__Prompt__.
Using the data below, set down every line from the one containing "Фото - Дин Лейпек" through the one containing "Nacnic Funda de cojin Zebras Colores", inclusive and unchanged. Pictures are to be skipped.

__The input__.
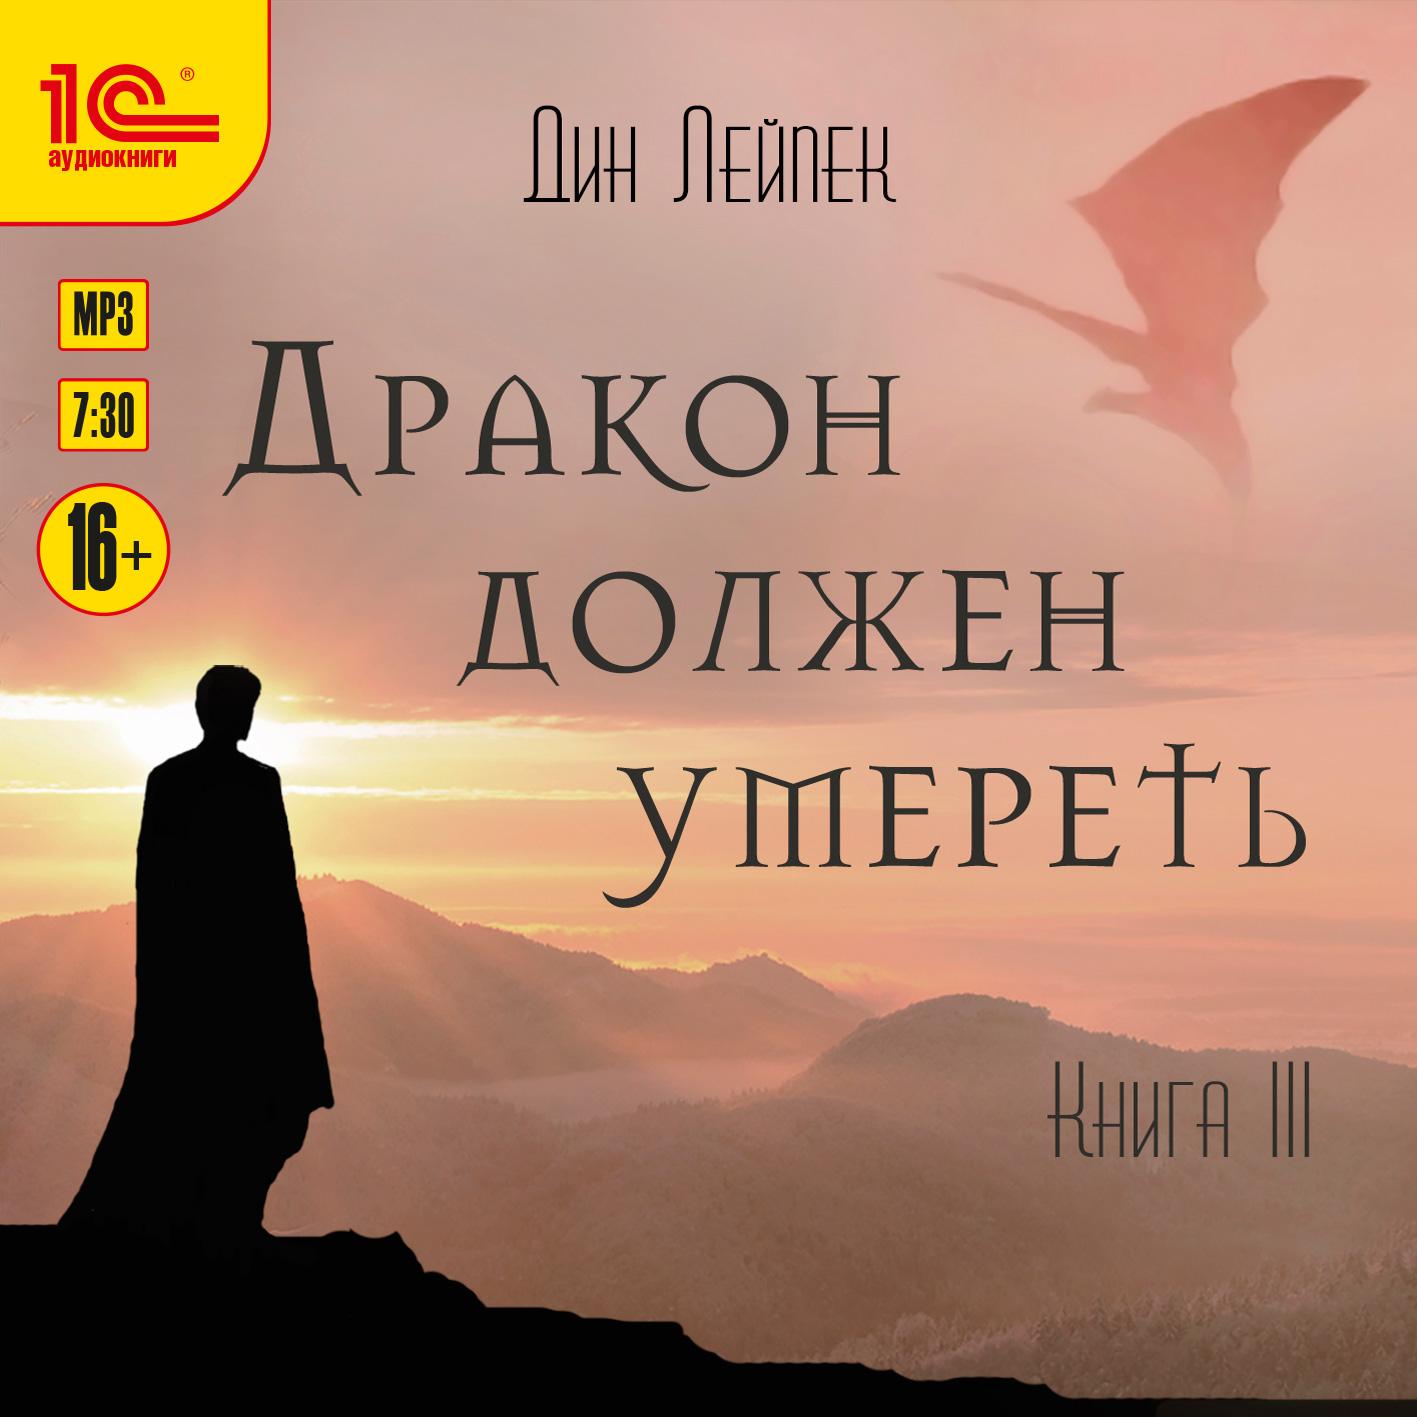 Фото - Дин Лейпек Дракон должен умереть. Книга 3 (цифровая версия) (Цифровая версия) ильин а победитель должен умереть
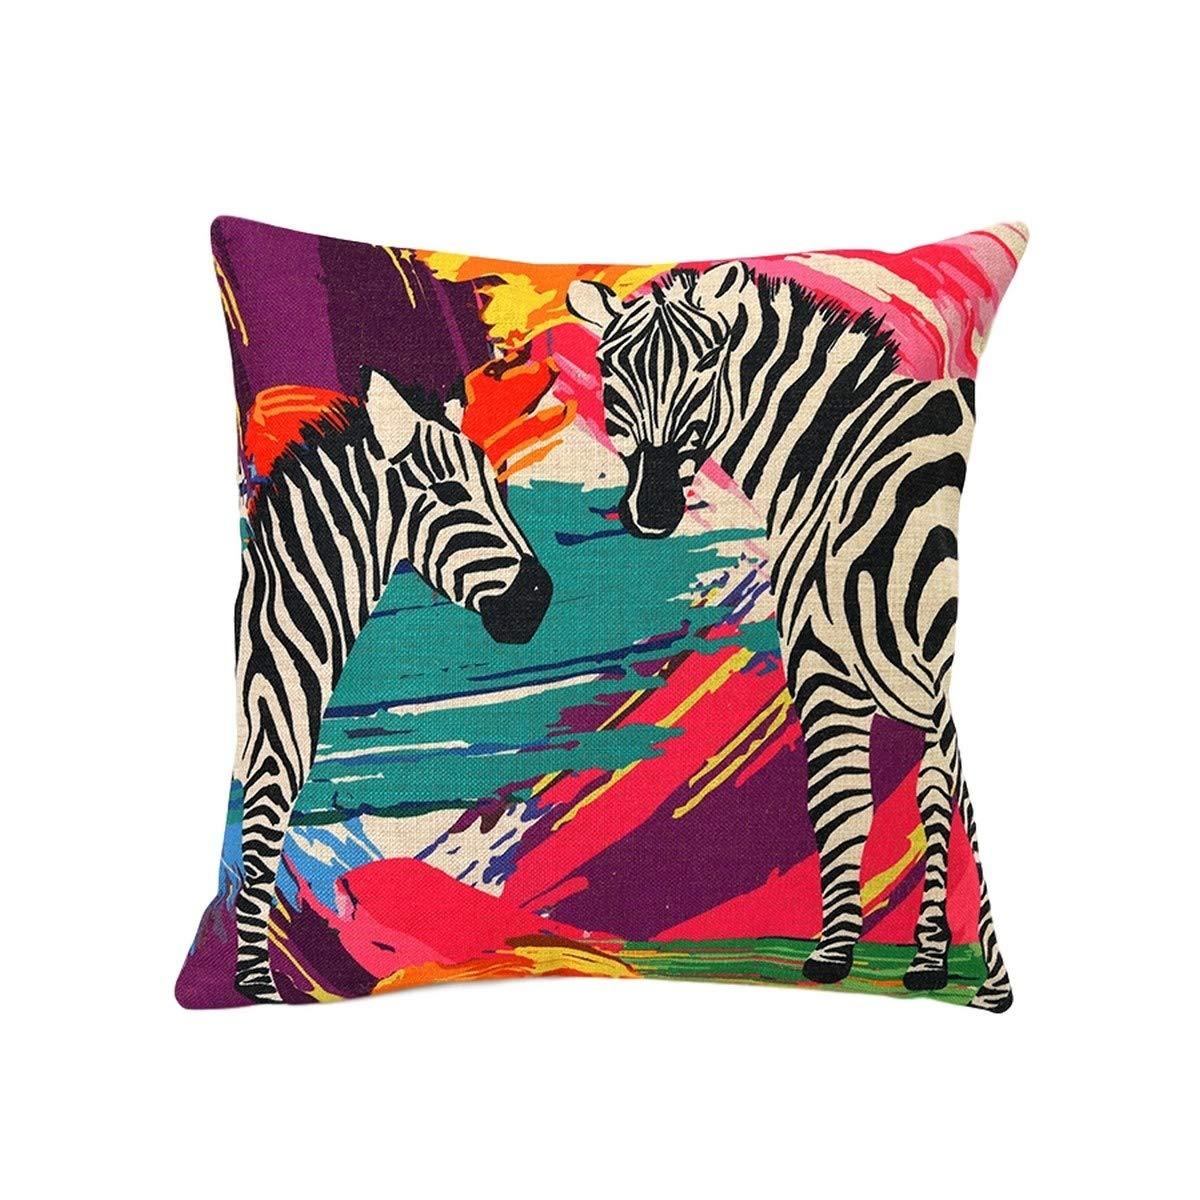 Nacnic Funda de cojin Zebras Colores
==
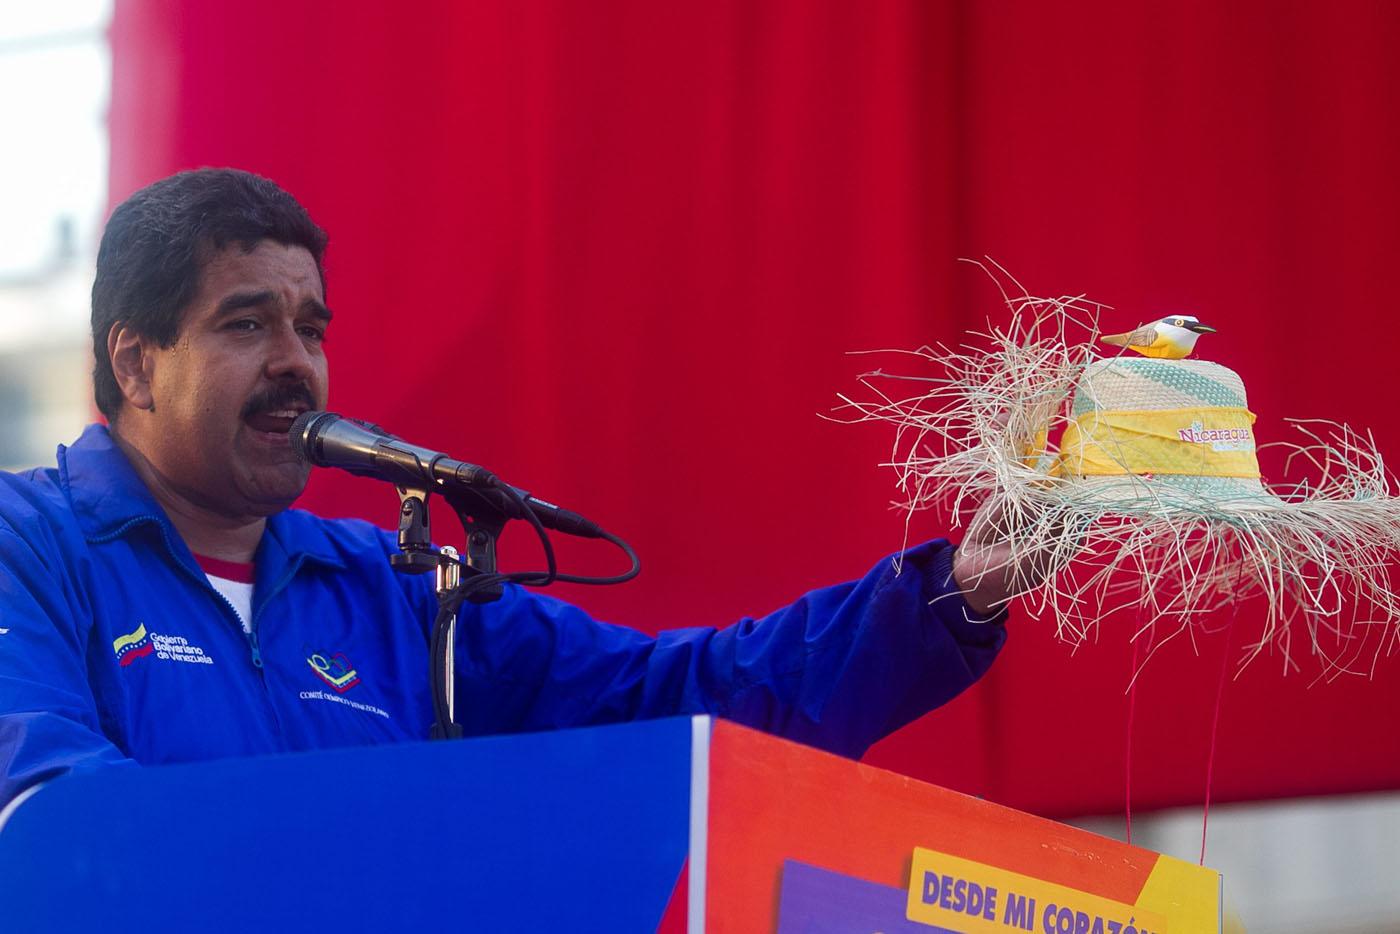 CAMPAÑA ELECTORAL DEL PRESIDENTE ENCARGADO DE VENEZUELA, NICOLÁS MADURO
==
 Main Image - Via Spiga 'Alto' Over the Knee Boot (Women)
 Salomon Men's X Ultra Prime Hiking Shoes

__Written reply__.
 Фото - Дин Лейпек Дракон должен умереть. Книга 3 (цифровая версия) (Цифровая версия) ильин а победитель должен умереть
 Nacnic Funda de cojin Zebras Colores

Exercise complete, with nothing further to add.